On the floor? No, I didn’t think so. You’re a tidy person by nature, and before you surrendered yourself to passion, I’m sure you found time to fold them neatly over that chair.’

  Tony Brown said nothing.

  ‘Have you ever dropped a glass tumbler, Tony?’ Crane asked.

  ‘What are you talking about now?’

  ‘You drop the tumbler, and it seems to shatter into a million pieces. You spend half an hour sweeping it up, and you’re sure you’ve got it all. Yet for days afterwards you’re finding tiny pieces of glass in places you’re amazed they ever reached. Well, blood’s a bit like that – especially when it’s spurting out of a gaping wound in the head. You think you know where it’s all gone, and then you’re surprised to find the odd drop of it in the most unexpected places.’

  ‘I don’t—’

  ‘Look at the chair, and look at the body,’ Crane said, pointing. ‘And then tell me just how unlikely you think it is that we’ll find a speck of Bradley Quirk’s blood on your clothes.’

  ‘I want a lawyer,’ Brown said.

  ‘That’s certainly your right,’ Crane told him, ‘but what would be the point? Come on, Tony,’ he continued, in a much softer voice, ‘we know you didn’t plan to kill him, but, sooner or later, you’re going to have to admit that that’s exactly what you did do.’

  ‘You’re right,’ Tony Brown said – because what was the point of pretending any more. ‘I never planned to kill him. I thought things were going to turn out so very, very differently.’

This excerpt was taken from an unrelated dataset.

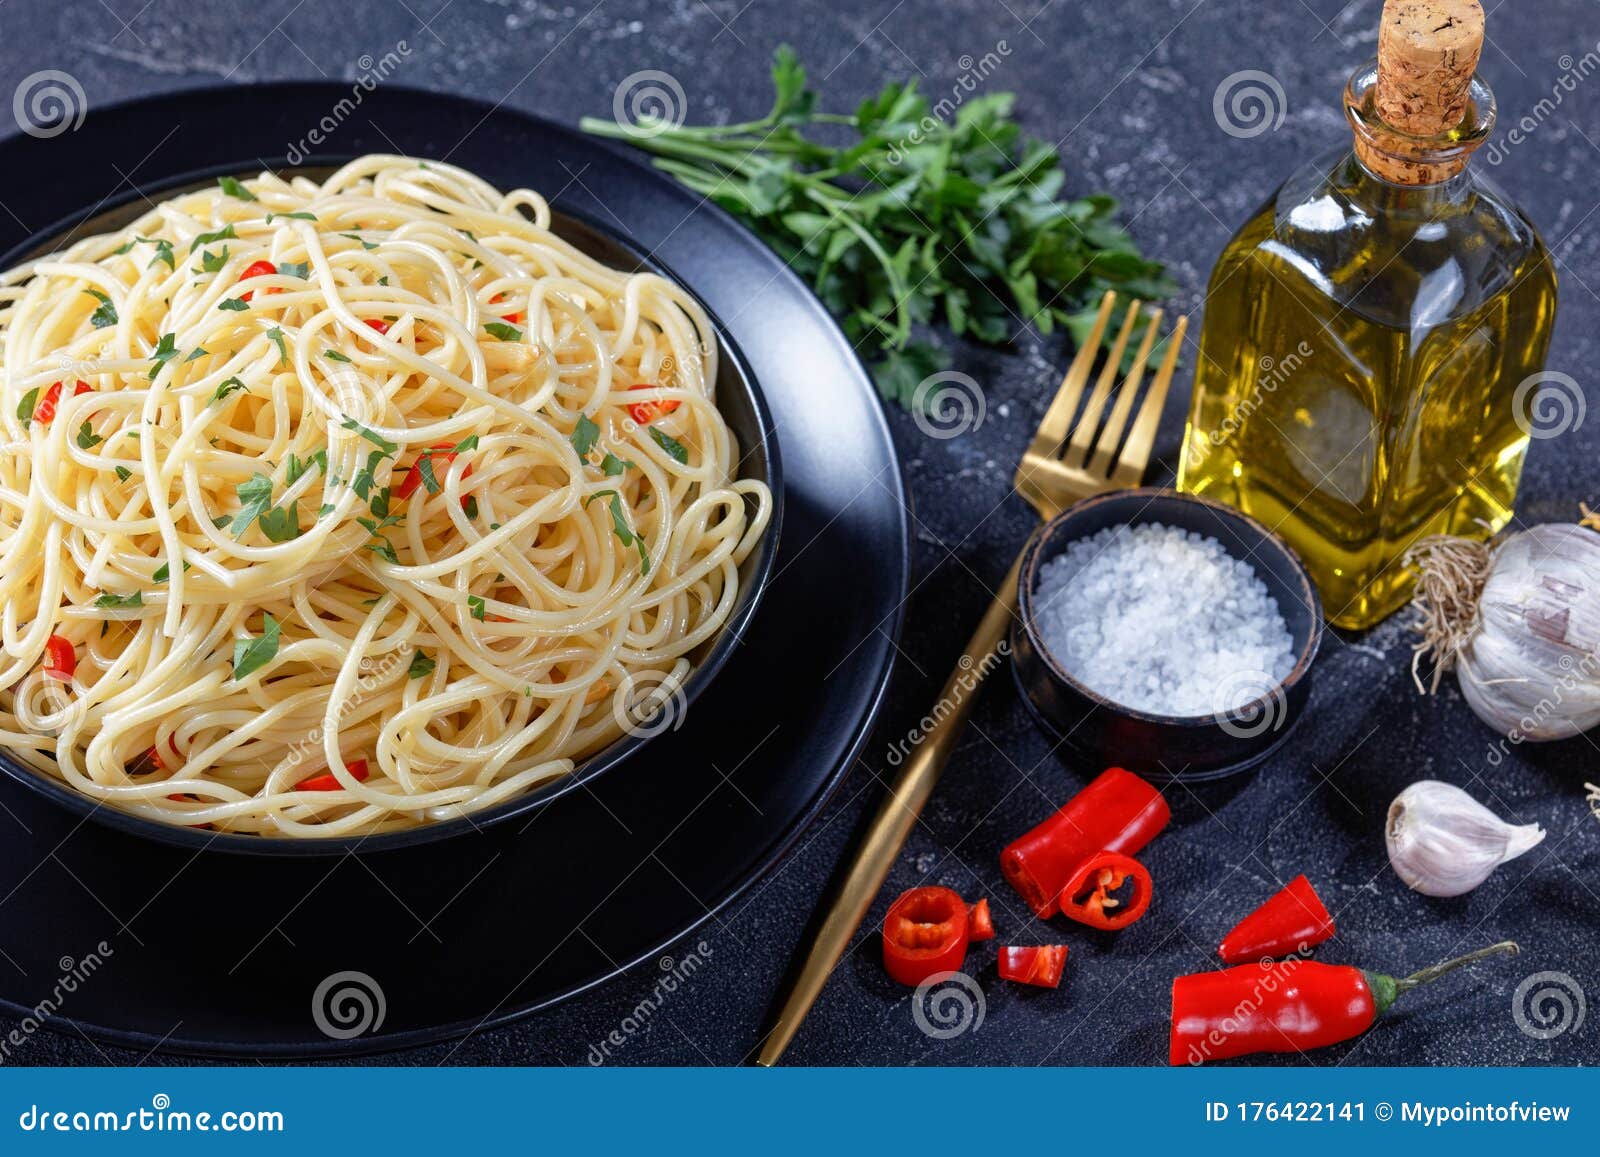 pasta aglio, olio e peperoncino in a bowl

  They are lying in bed together.

  ‘I almost didn’t come back,’ Tony says. ‘I was afraid to come back. But I’m so glad I managed to muster my courage in the end.’

  ‘So am I,’ Bradley Quirk says, ‘because if you hadn’t, we’d never have had this jolly evening.’

  ‘I want more than a jolly evening,’ Tony says. ‘I love you. I think I always have.’

  Beside him, he feels the other man’s leg tense.

  ‘Oh dear,’ Quirk exclaims.

  ‘I’ve just opened my heart to you, Bradley, and that’s all you can say?’ Tony demands.

  ‘Look, this is rather embarrassing …’ Quirk begins.

  ‘I don’t expect you to be faithful to me – not all the time,’ Tony says desperately. ‘You can have affairs, as long as I know you’ll come back to me in the end.’